Well, today I made the first steps towards finding childcare for the Pip for when I go back to work. Not big steps, to be honest, all I did was look up the list of local nurseries on the internet and write down the phone numbers of the ones that looked promising.
It's something I have been avoiding for a while and I can't really put it off any longer. It's tricky because I haven't decided whether a nursery or a childminder is the best option - at the moment I'm 80% leaning towards a nursery - but I haven't actually been round any nurseries yet. So it could change once I've had a look around a few.
The last few months have been so packed with changes that in one way, it seems like they rushed past in the blink of an eye. Is my son really 4 months old now? On the other hand, it seems soooo long ago when I was waiting to give birth. So much has happened since then and Mr KE and I will never be the same again.

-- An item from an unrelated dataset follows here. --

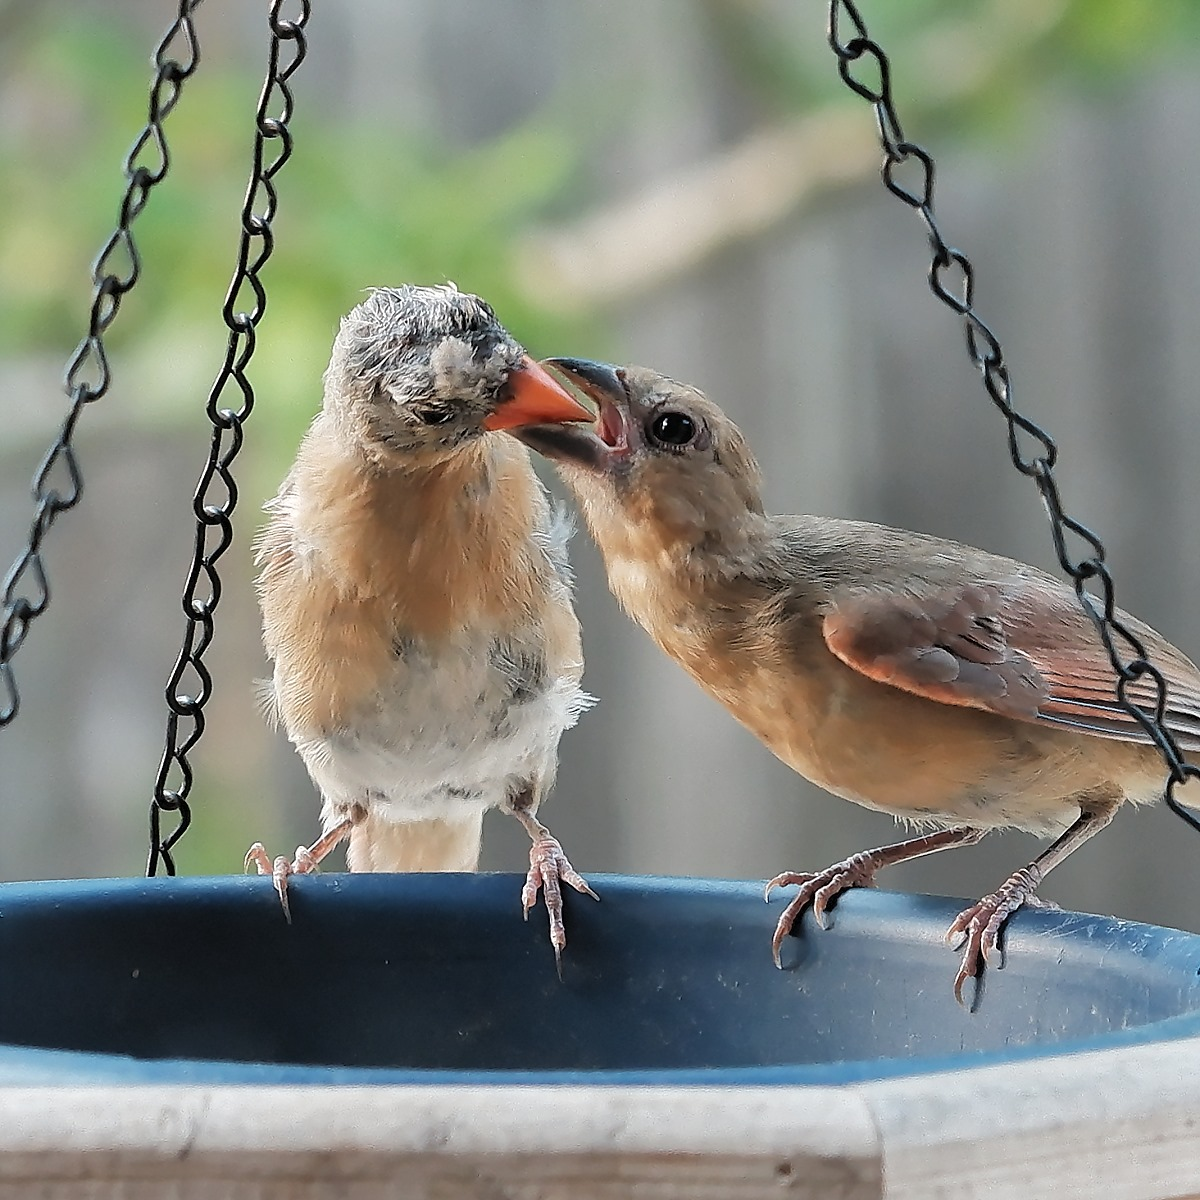 baby juvenile cardinals feeding each other
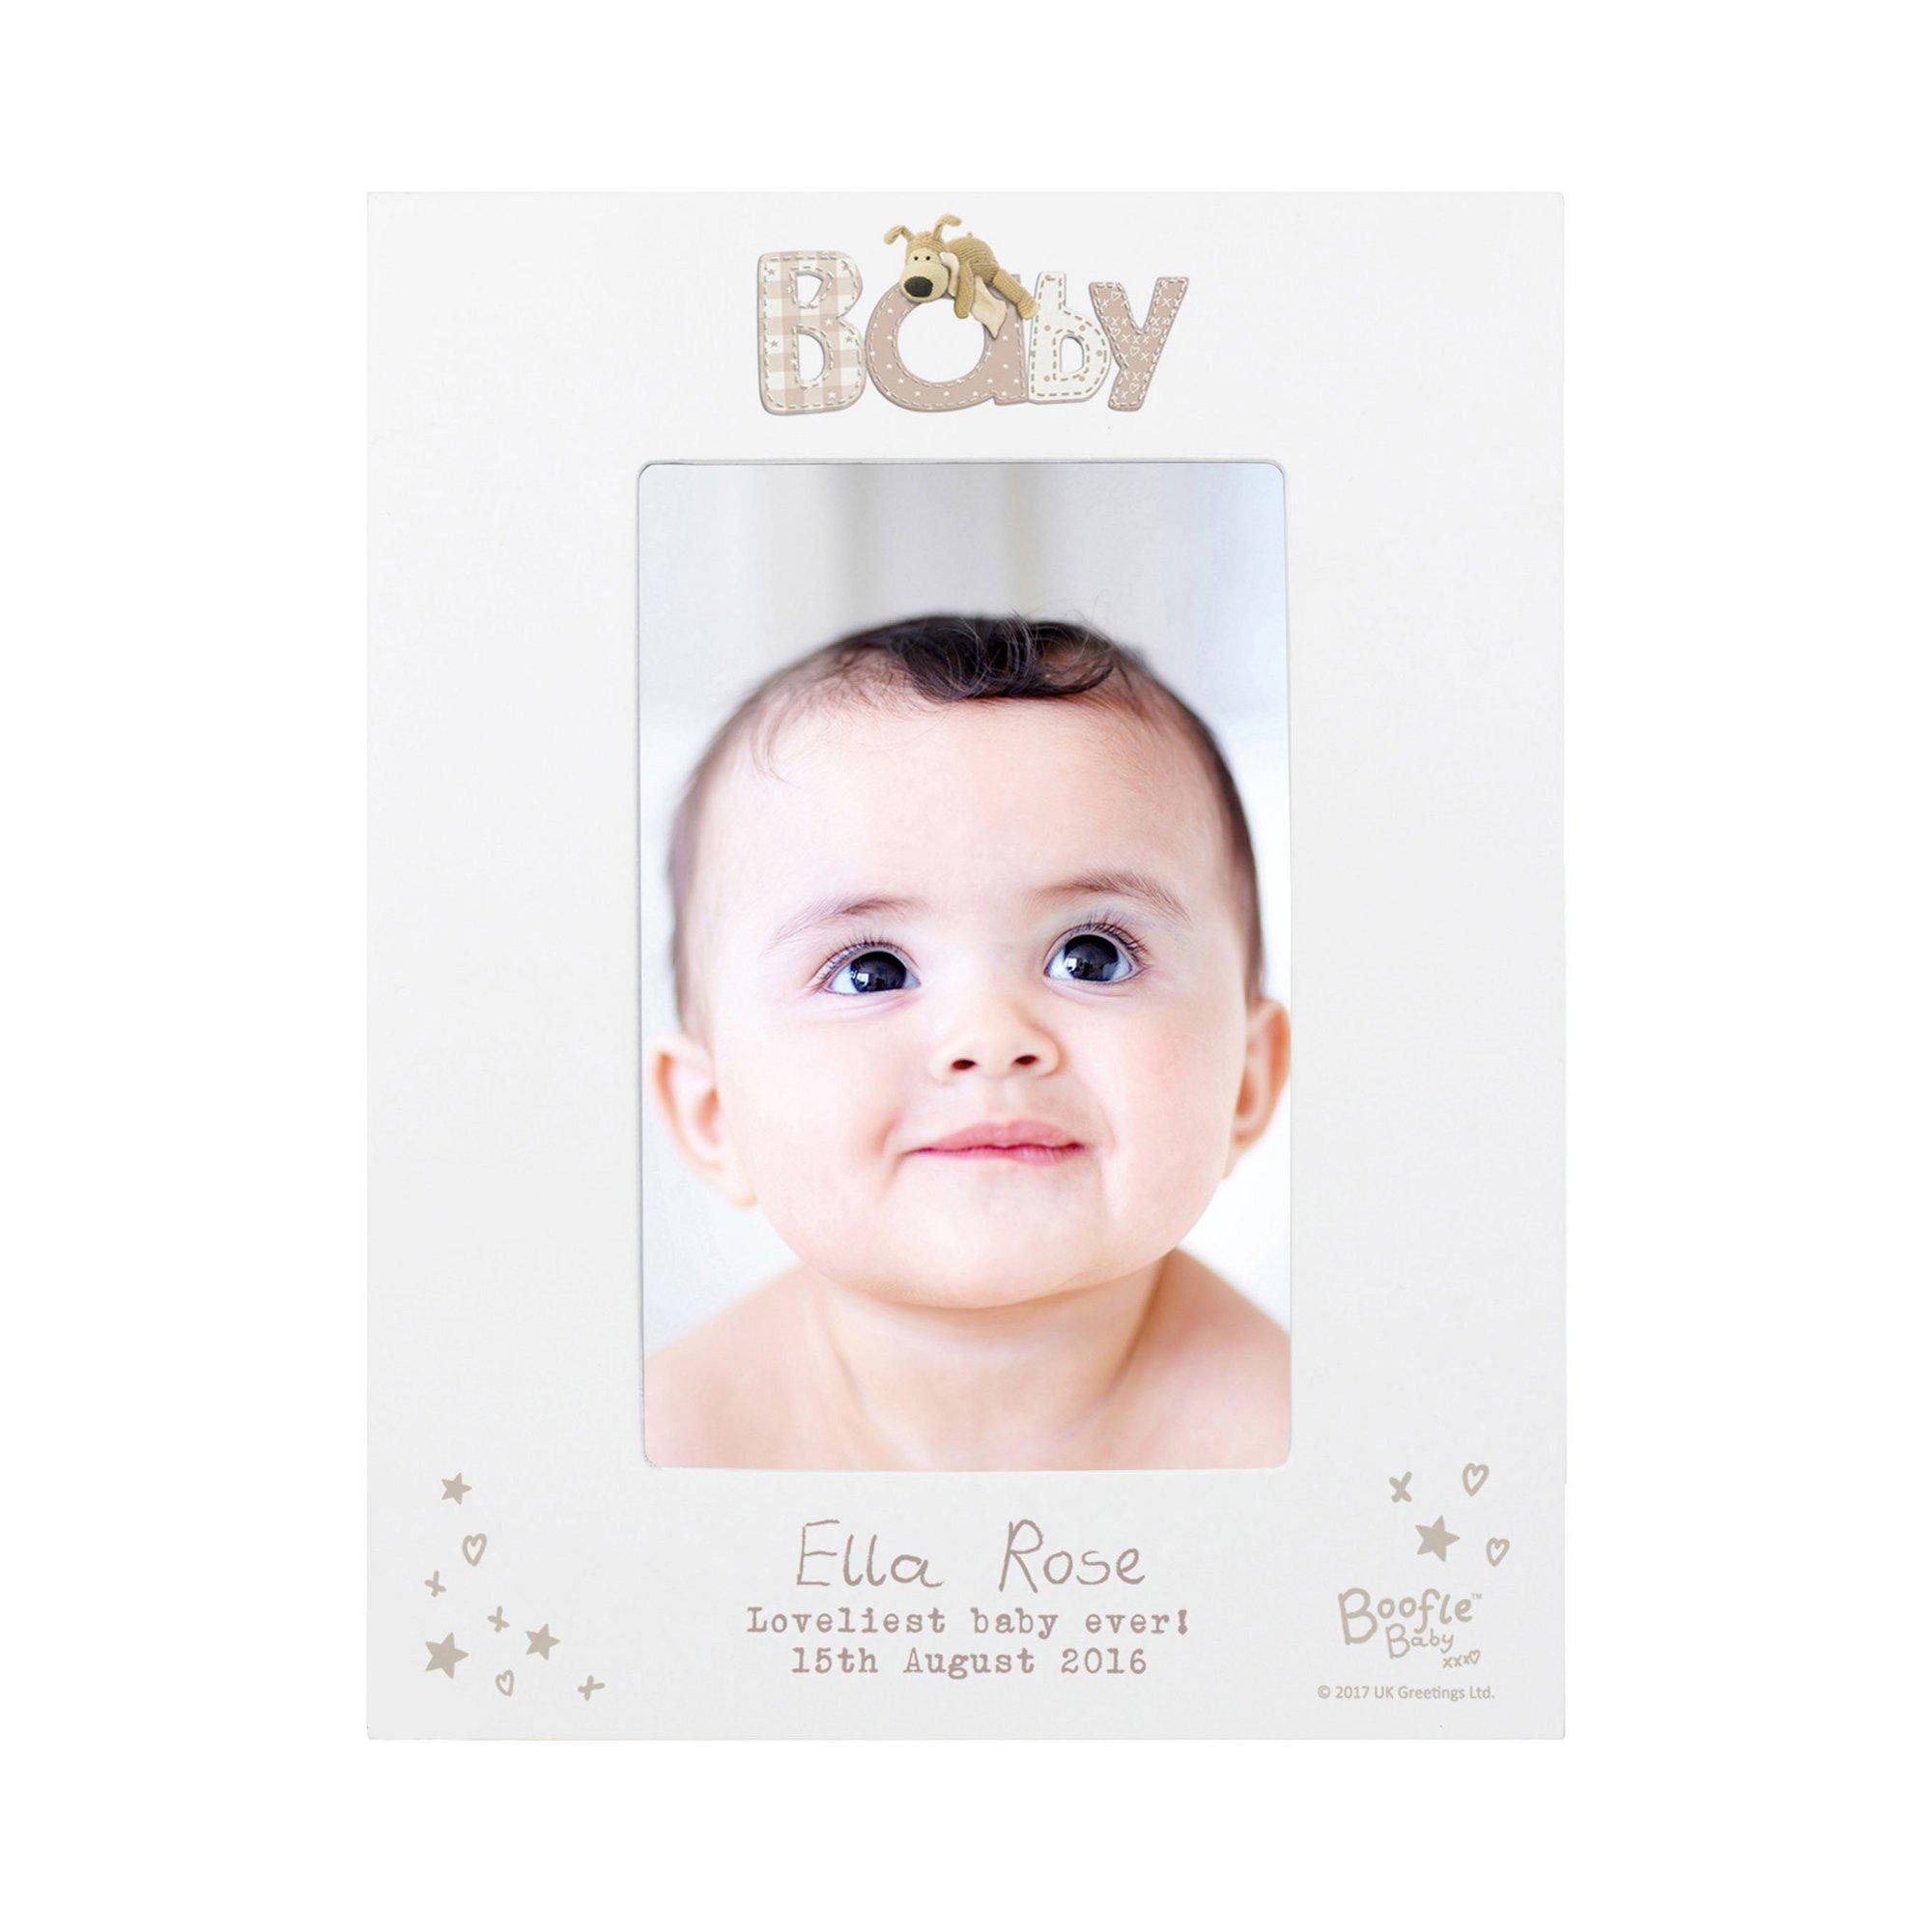 Image of Personalised Boofle Baby 6x4 Photo Frame

Last weekend I left the Pip with Mr KE for the day while I went into "big town" for the first time since before Christmas. I have left him for a few hours before, but never for this long. So it was quite a big step for me (and for Mr KE too!) although I don't think I would have been happy leaving him with anyone else other than his father.
Still, for many reasons, I have to go back to work by the end of the year so I just have to get on with it. Yeah. Don't get me wrong, I do want to go back to work but like every other working mother, I do feel pangs of loss and guilt. It's tough but just one of those things that has to be done.